На картах не значится

  Тактика этой охоты была такова. В каждом помещении была оставлена в полу только одна крысиная дыра. Причём та, что находилась в доступном месте. Приманка – а это обычно был кусочек шоколада, завёрнутый в фольгу, – размещалась в точке, максимально удалённой от норы. Услышав – а дело чаще всего происходило ночью – что крыса шуршит фольгой, мы вскакивали и быстро затыкали дыру. Крыса оказывалась в ловушке. После этого мы, уже не спеша, включив свет и надев меховые лётные перчатки, которые крысы не могли прокусить, начинали охоту на грызуна. Здесь были важны знание крысиных повадок и быстрота реакции. Крыса никогда не паниковала и не металась по помещению. Она затаивалась за каким-нибудь предметом и ждала до последнего. Заметив, где спряталась крыса, мы осторожно занимали удобную для атаки позицию и, резко отодвинув предмет в сторону, хватали крысу рукой. Пойманная крыса отчаянно пищала и пыталась прокусить перчатку. Но тщетно. Грызуна тут же наскоро судили военно-полевым судом и неизменно – по законам военного времени – приговаривали к высшей мере наказания. После этого крыса каким-либо способом умерщвлялась и выкидывалась через форточку на улицу, на радость орловским котам. Спустя пару недель мы «насобачились» в охоте до такой степени, что ловля крыс стала для нас совершенно рутинным занятием и каждый подобный эпизод занимал по времени от силы три-пять минут. Месяца за два мы заставили крыс поверить в то, что шутки с нами плохи, что мы – опасные хищники, и совершенно отвадили грызунов заходить на нашу территорию. Так что визиты крыс стали в нашей квартире делом редким и, я так понимаю, случайным.
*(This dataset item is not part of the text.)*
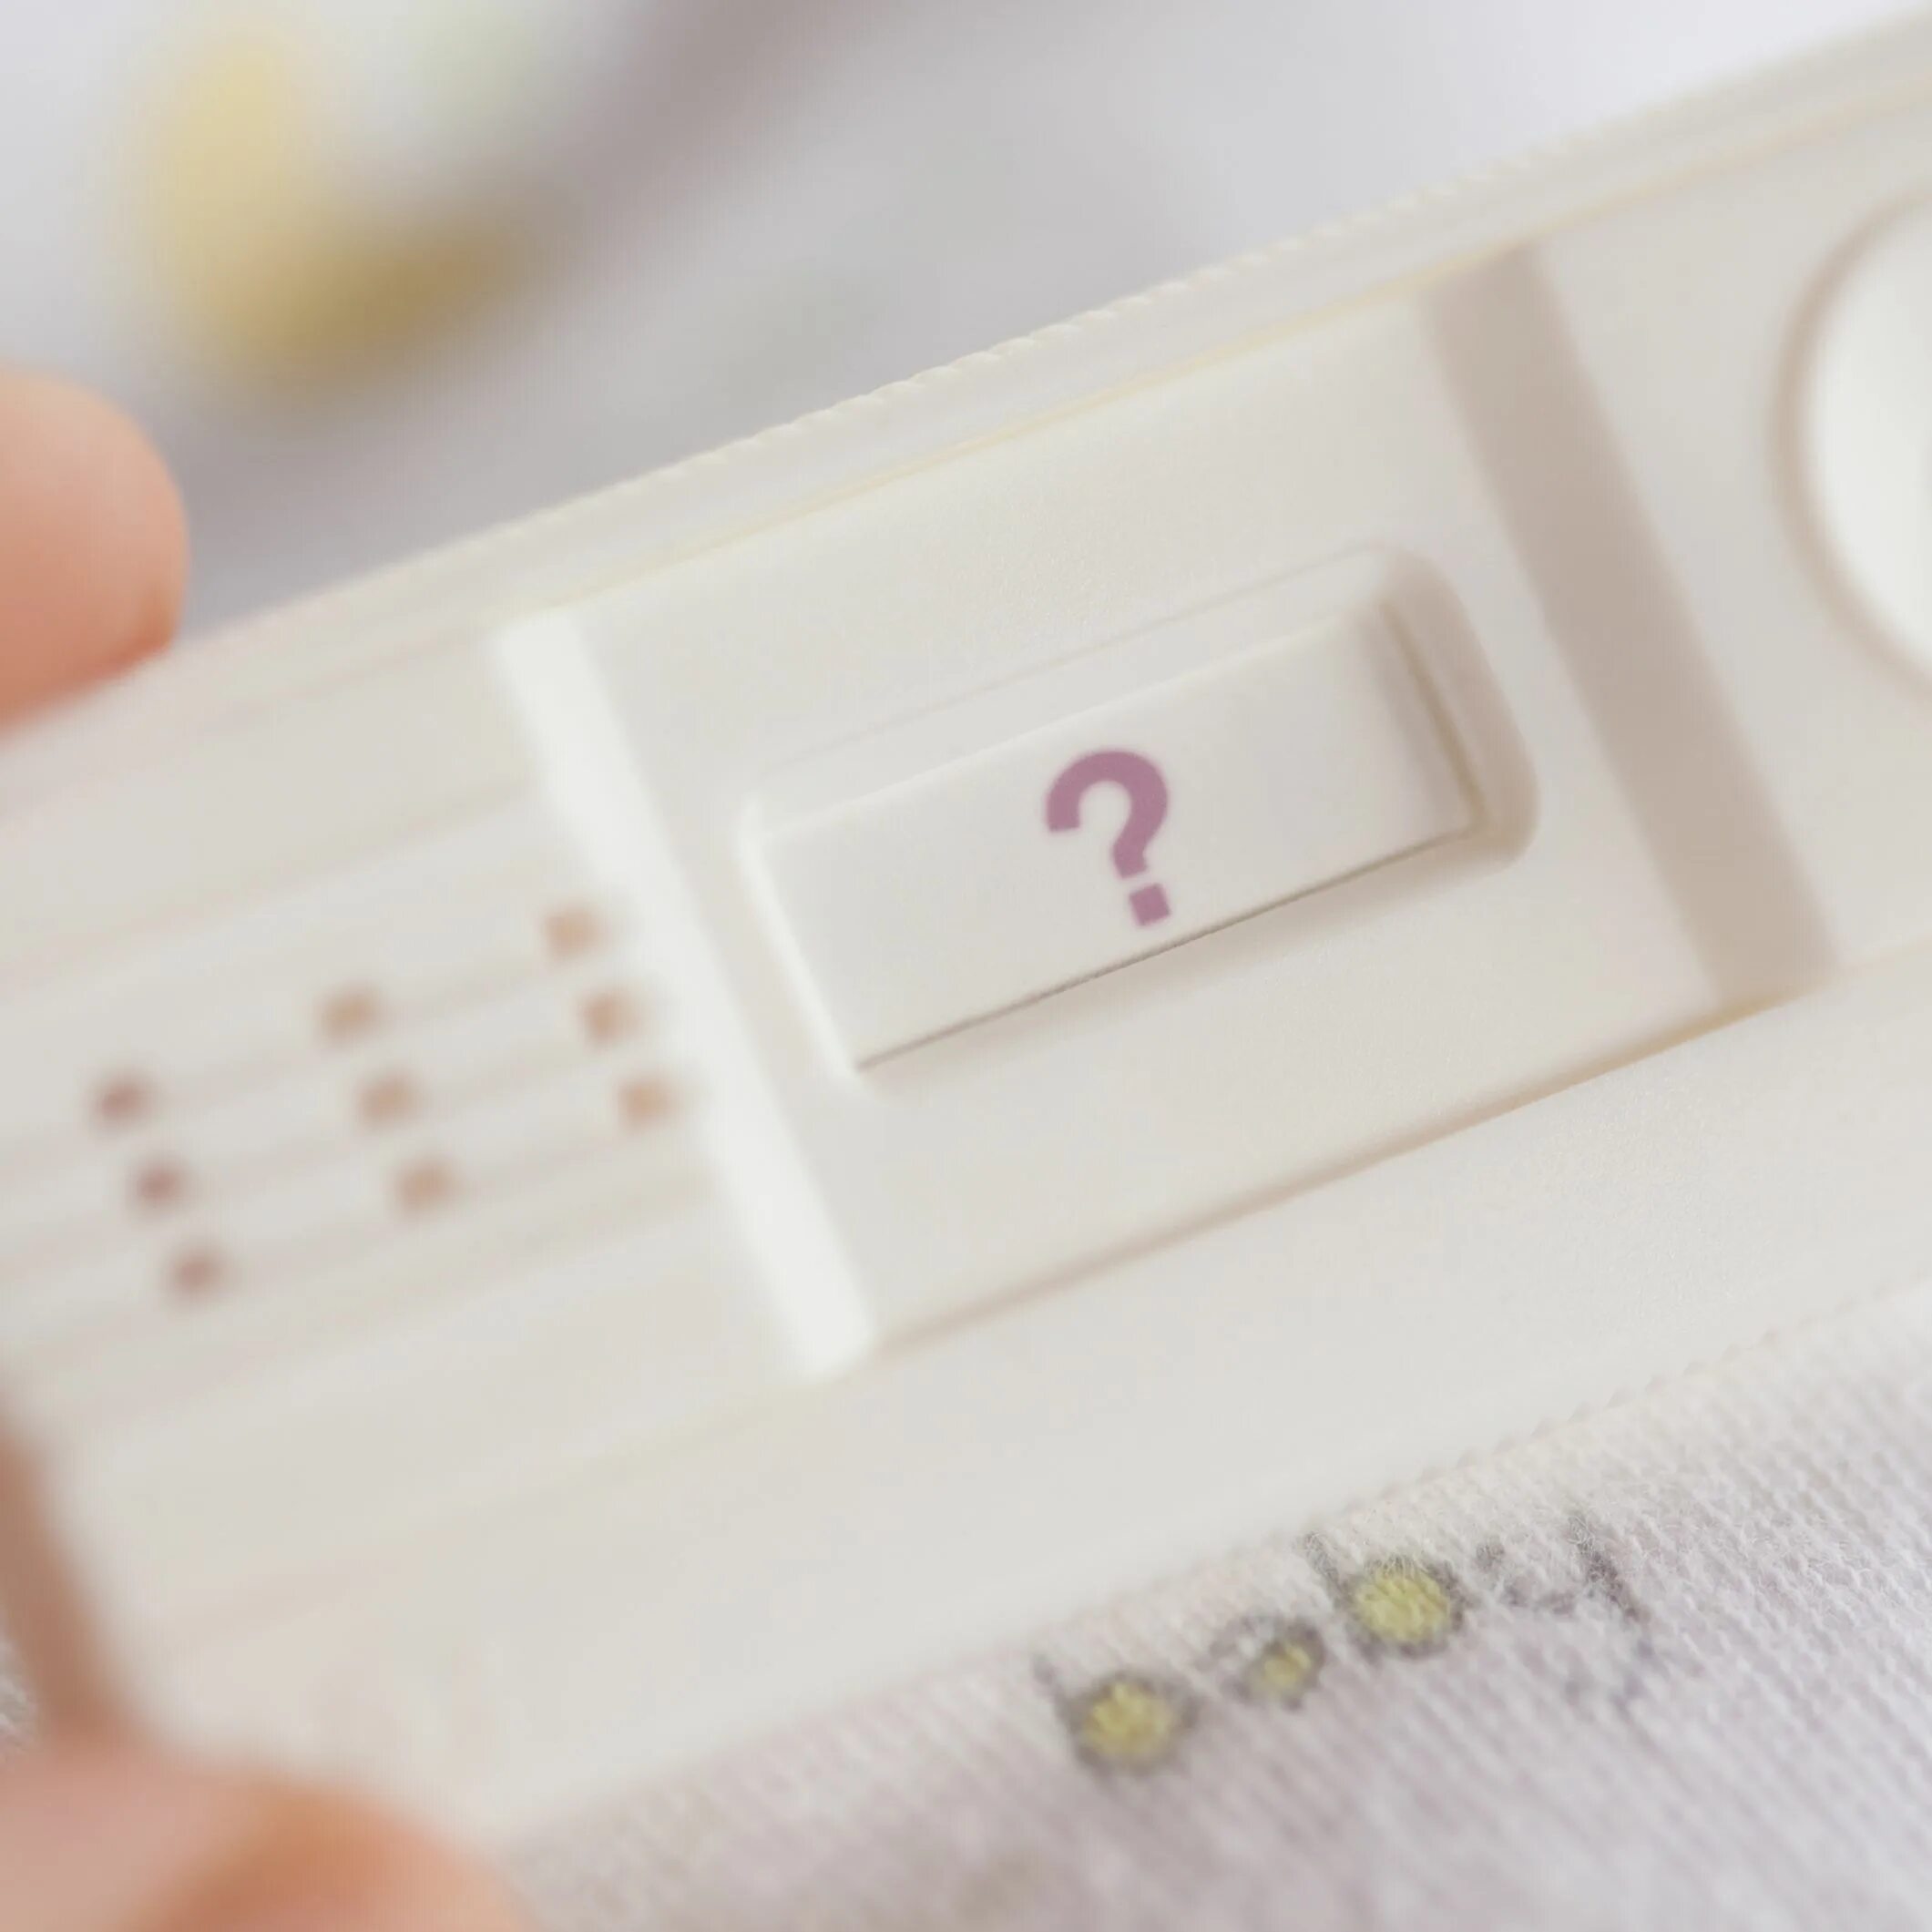 Задержка месячных 13 дней причины. Беременность отрицательном тесте. Тест на беременность со знаком вопроса. Задержка месячных на фоне стресса сколько может длиться. Месячные 2 дня вместо 5

   Совсем по-другому складывались мои взаимоотношения с крысами в квартире, которую я получил после женитьбы.

   Наша с женой квартира располагалась на третьем этаже, и крысы проникали в неё по коммуникационной шахте, где пролегали водопроводные трубы. Шахта эта проходила за одной из стенок кухни, как раз за мойкой. Прогрызать крысам ничего не пришлось, так как в стенке шахты уже имелось отверстие размером примерно со школьную тетрадь. Замуровать это отверстие я никак не мог, поскольку по прихоти какого-то безвестного строителя, какого-то особо хитроумного «янычара», кран, перекрывающий воду в нашу квартиру, находился внутри этой шахты, как раз за упомянутым отверстием. Поэтому крысы совершенно спокойно приходили по шахте в нашу квартиру и, проникнув под мойку, где стояло помойное ведро, устраивали в этом ведре свои шумные пиры. А в тех случаях, когда в ведре было пусто, они в поисках съестного начинали шастать по всей кухне.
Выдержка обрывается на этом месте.